Center for Biomarker Research & Personalized Medicine, School of Pharmacy, Virginia Commonwealth University, Richmond, VA 23298, USA.
Epigenomics. 2012 Dec;4(6):605-21. doi: 10.2217/epi.12.59.
We studied the use of methyl-CpG binding domain (MBD) protein-enriched genome sequencing (MBD-seq) as a cost-effective screening tool for methylome-wide association studies (MWAS).
MATERIALS & METHODS: Because MBD-seq has not yet been applied on a large scale, we first developed and tested a pipeline for data processing using 1500 schizophrenia cases and controls plus 75 technical replicates with an average of 68 million reads per sample. This involved the use of technical replicates to optimize quality control for multi- and duplicate-reads, an in silico experiment to identify CpGs in loci with alignment problems, CpG coverage calculations based on multiparametric estimates of the fragment size distribution, a two-stage adaptive algorithm to combine data from correlated adjacent CpG sites, principal component analyses to control for confounders and new software tailored to handle the large data set.

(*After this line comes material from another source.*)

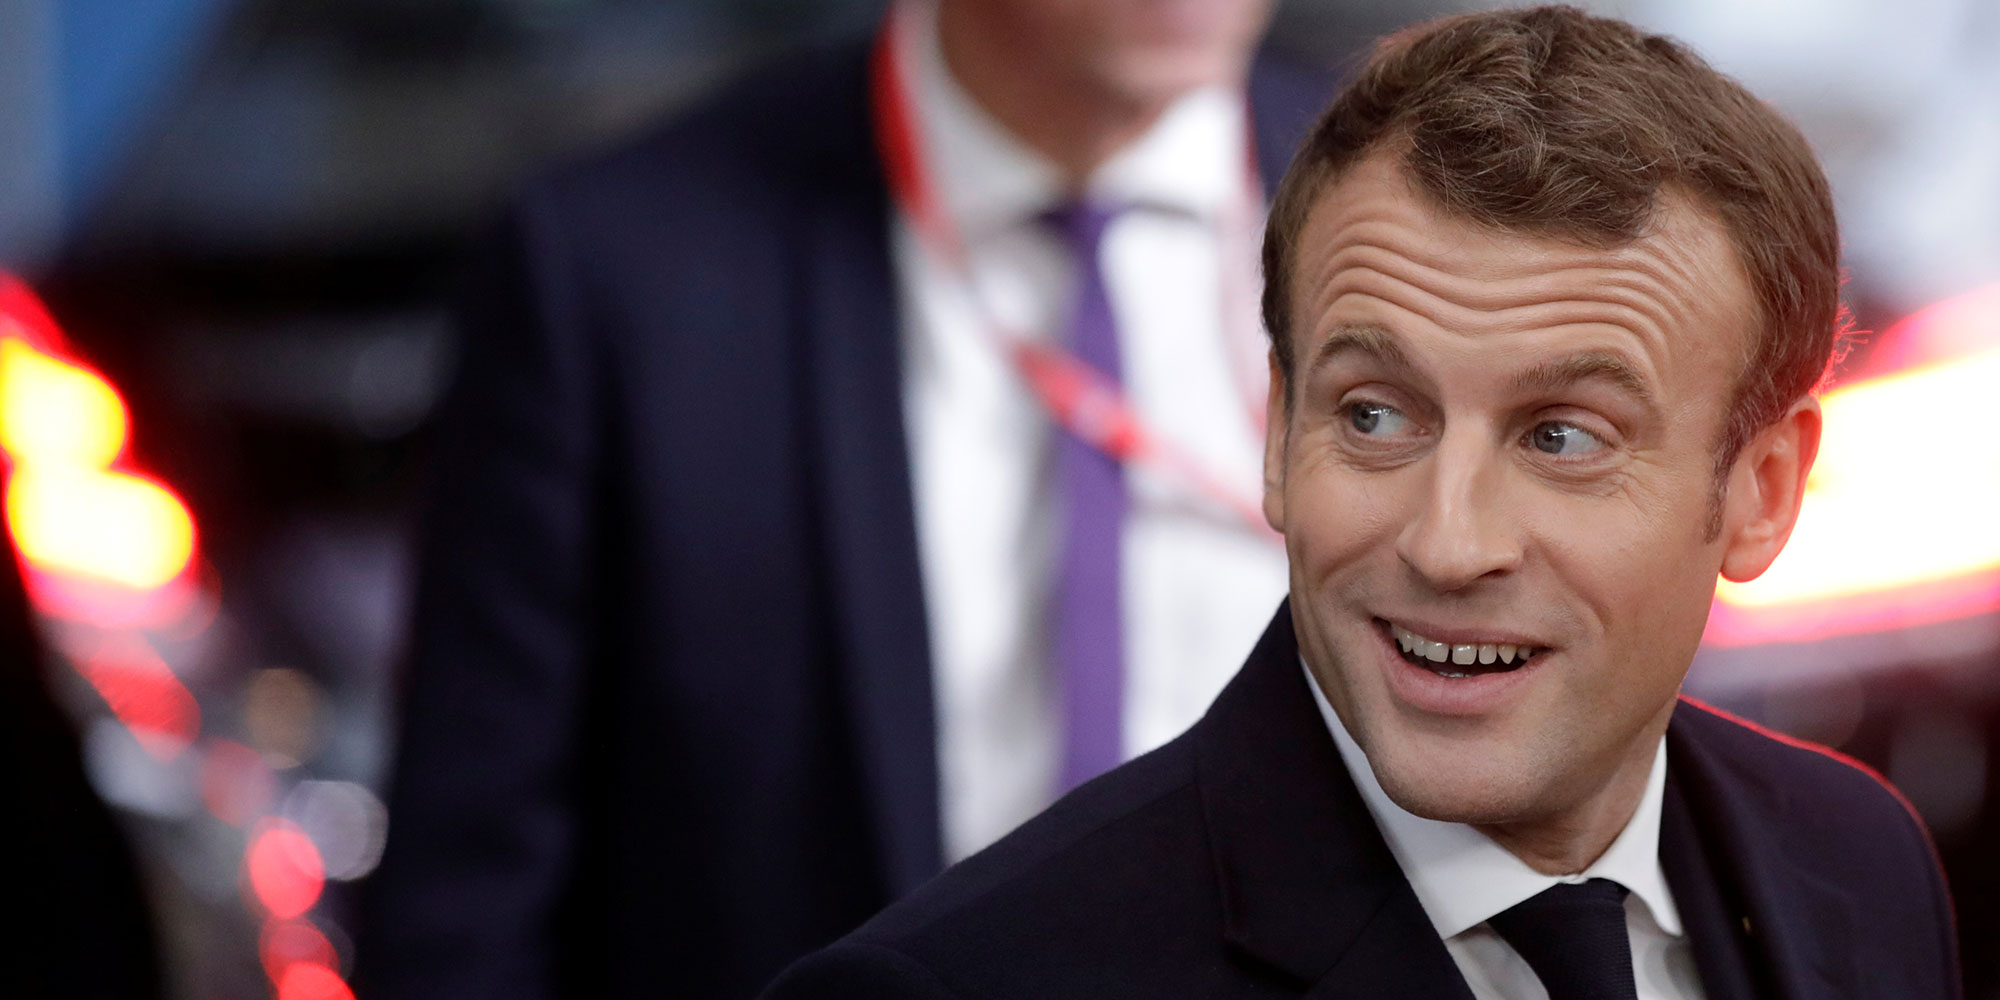 Emmanuel Macron à l'affiche d'une publicité... pour des préservatifs ?

We replicated MWAS findings in independent samples using a different technology that provided single base resolution. In an MWAS of age-related methylation changes, one of our top findings was a previously reported robust association involving GRIA2. Our results also suggested that owing to the many confounding effects, a considerable challenge in MWAS is to identify those effects that are informative about disease processes.
This study showed the potential of MBD-seq as a cost-effective tool in large-scale disease studies.
我们研究了甲基化 CpG 结合域(MBD)蛋白富集基因组测序(MBD-seq)作为全基因组甲基化关联研究(MWAS)的一种具有成本效益的筛选工具的应用。
由于 MBD-seq 尚未大规模应用,我们首先开发并测试了一种使用 1500 例精神分裂症病例和对照以及 75 个技术重复的样本,平均每个样本有 6800 万条reads 的数据分析处理管道。这涉及使用技术重复来优化多和重复reads 的质量控制、一项针对存在对齐问题的基因座中的 CpG 进行的虚拟实验、基于片段大小分布的多参数估计的 CpG 覆盖度计算、用于合并相关相邻 CpG 位点数据的两阶段自适应算法、主成分分析以控制混杂因素以及专门用于处理大数据集的新软件。
我们使用提供单碱基分辨率的不同技术在独立样本中复制了 MWAS 发现。在一项与年龄相关的甲基化变化的 MWAS 中,我们的一个主要发现是先前报道的涉及 GRIA2 的稳健关联。我们的结果还表明,由于存在许多混杂效应,MWAS 的一个主要挑战是识别那些与疾病过程相关的信息丰富的效应。
本研究表明 MBD-seq 作为一种在大规模疾病研究中具有成本效益的工具具有潜力。